> _PROVIDED MATERIAL_
============================================================

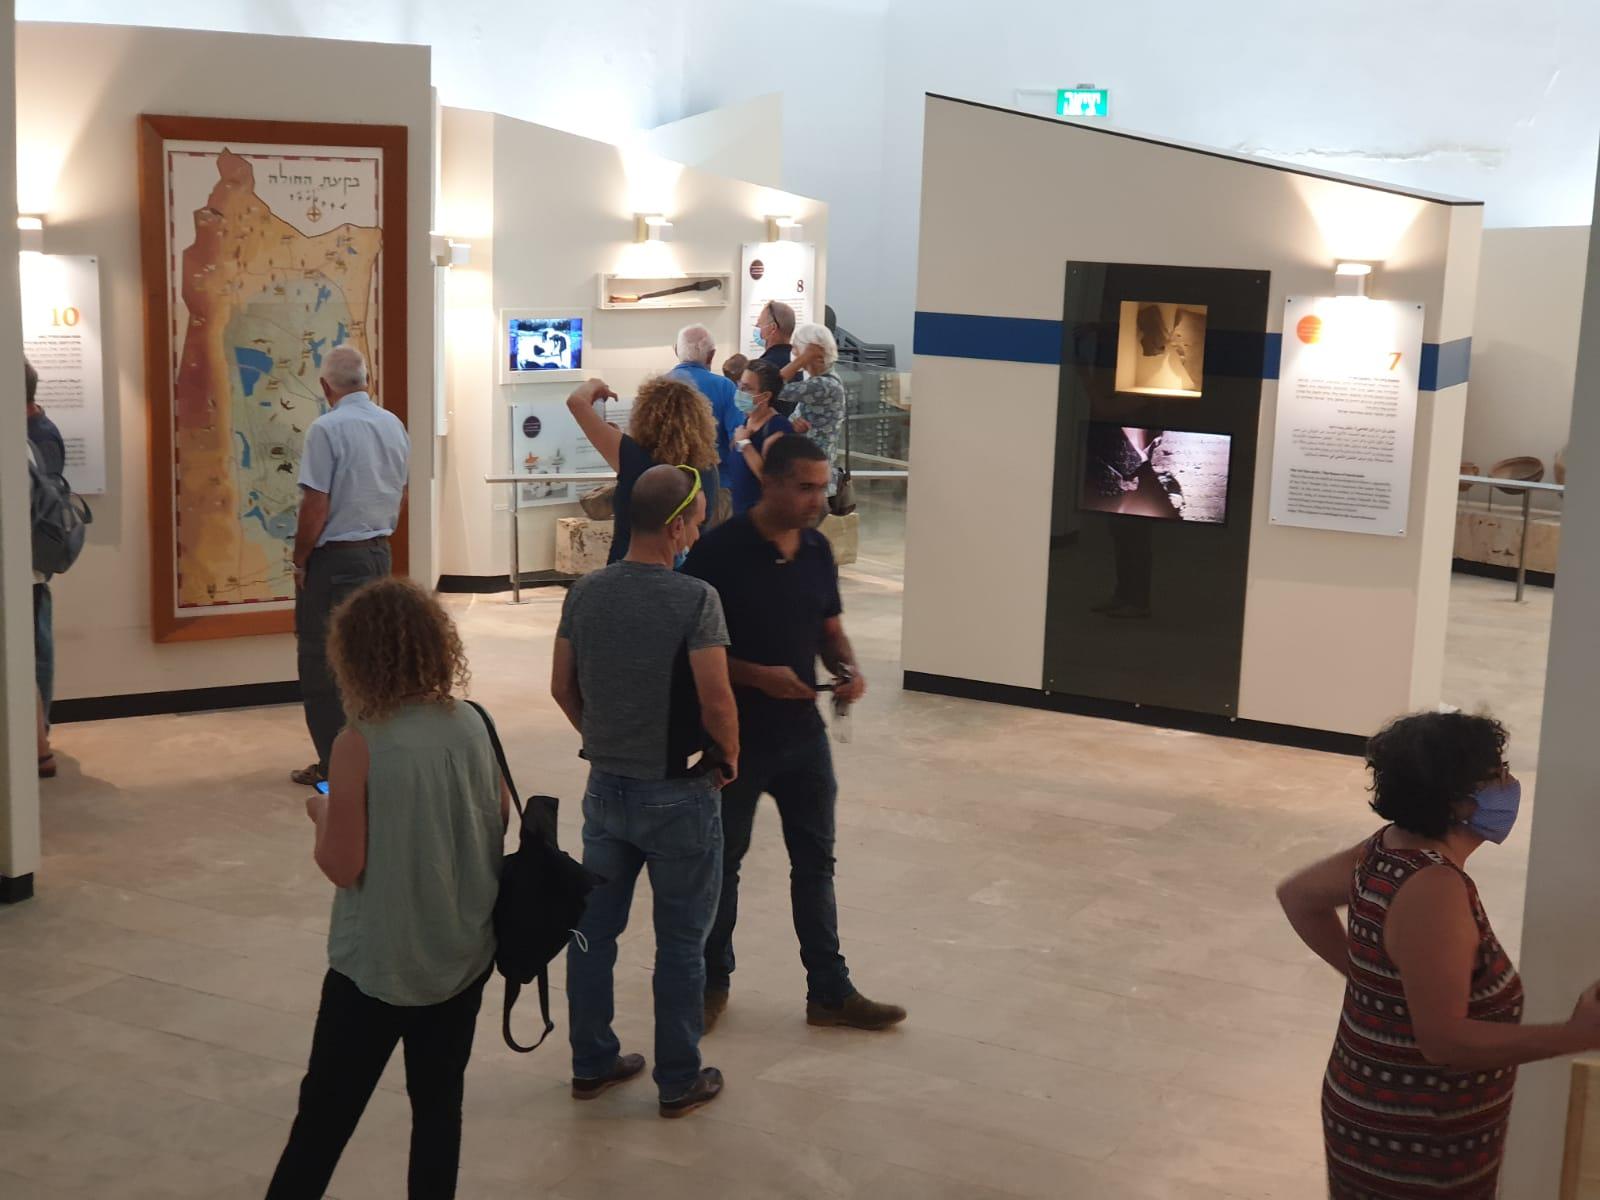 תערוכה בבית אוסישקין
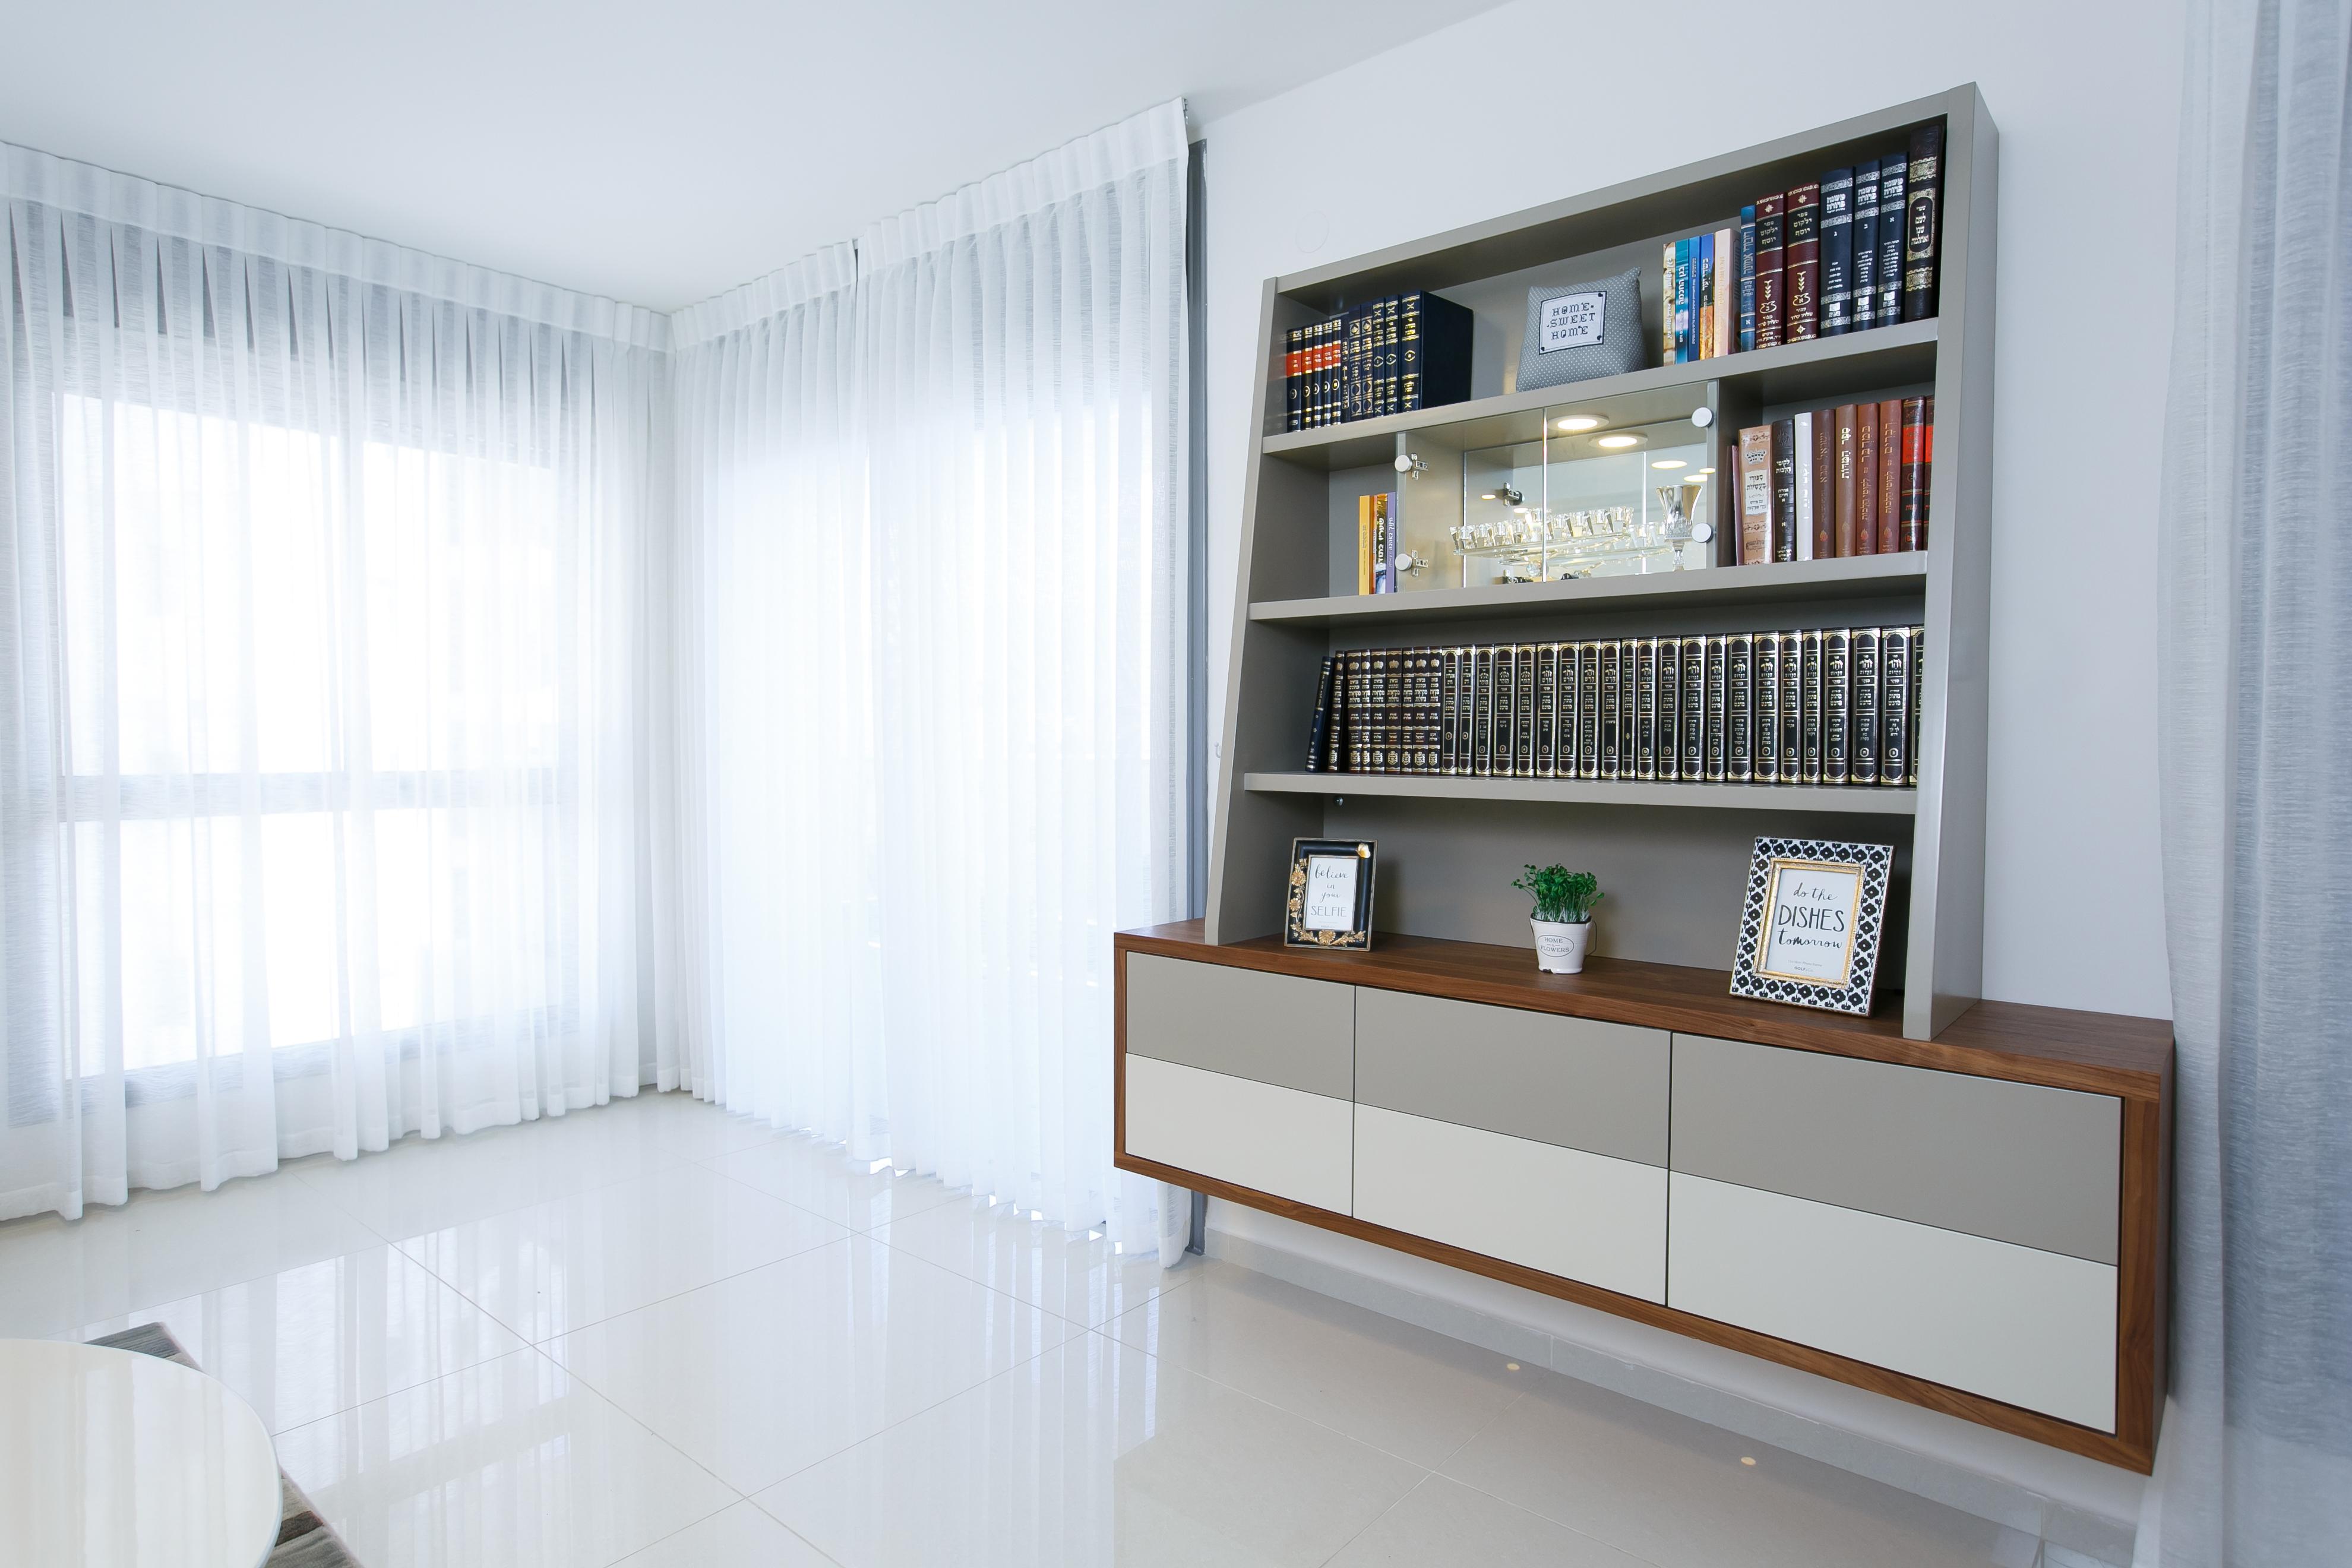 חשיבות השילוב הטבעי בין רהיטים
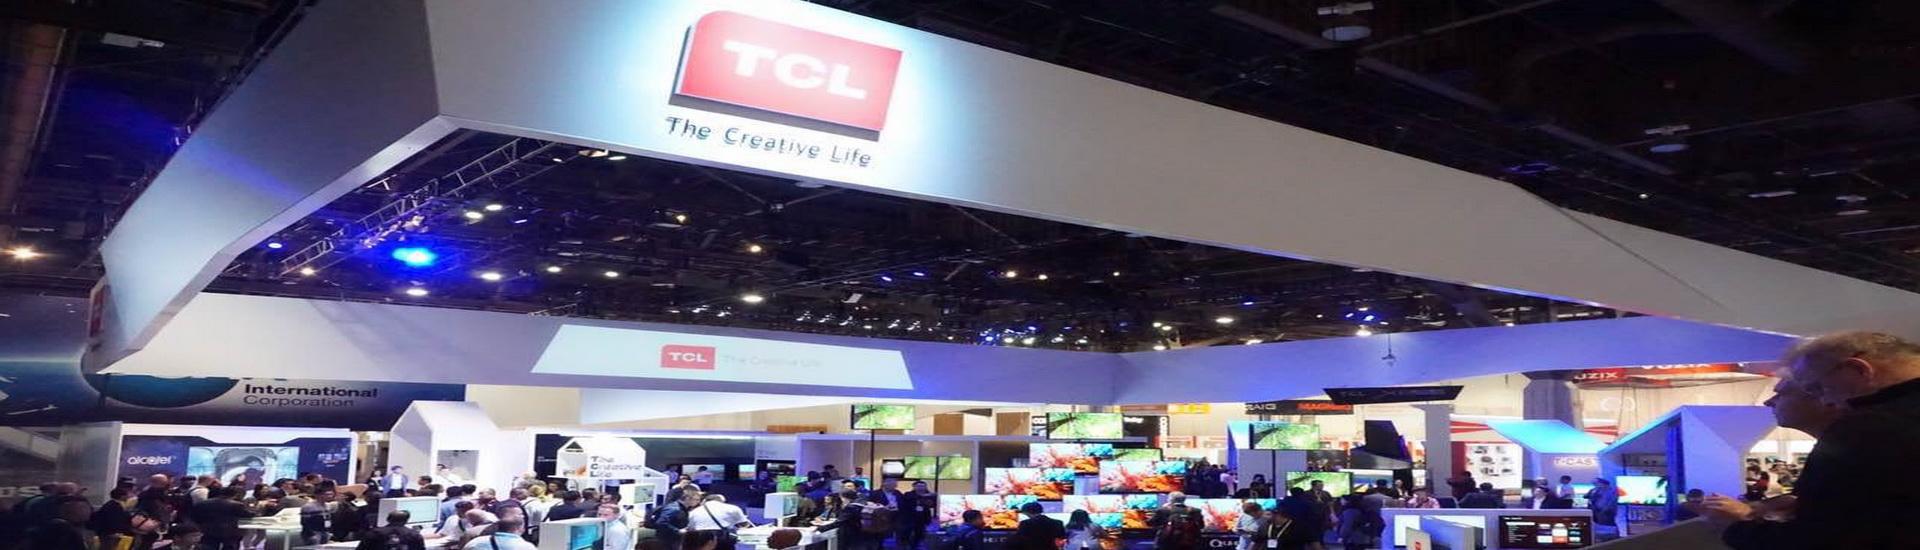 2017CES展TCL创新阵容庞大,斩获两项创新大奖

============================================================

> _EXERCISE DETAILS_
Write out exactly the lines beginning with the line that holds "חשיבות השילוב הטבעי בין רהיטים" and ending with the final line of the data, both ends included, without the pictures.

> _ANSWER SPACE_
 חשיבות השילוב הטבעי בין רהיטים
 2017CES展TCL创新阵容庞大,斩获两项创新大奖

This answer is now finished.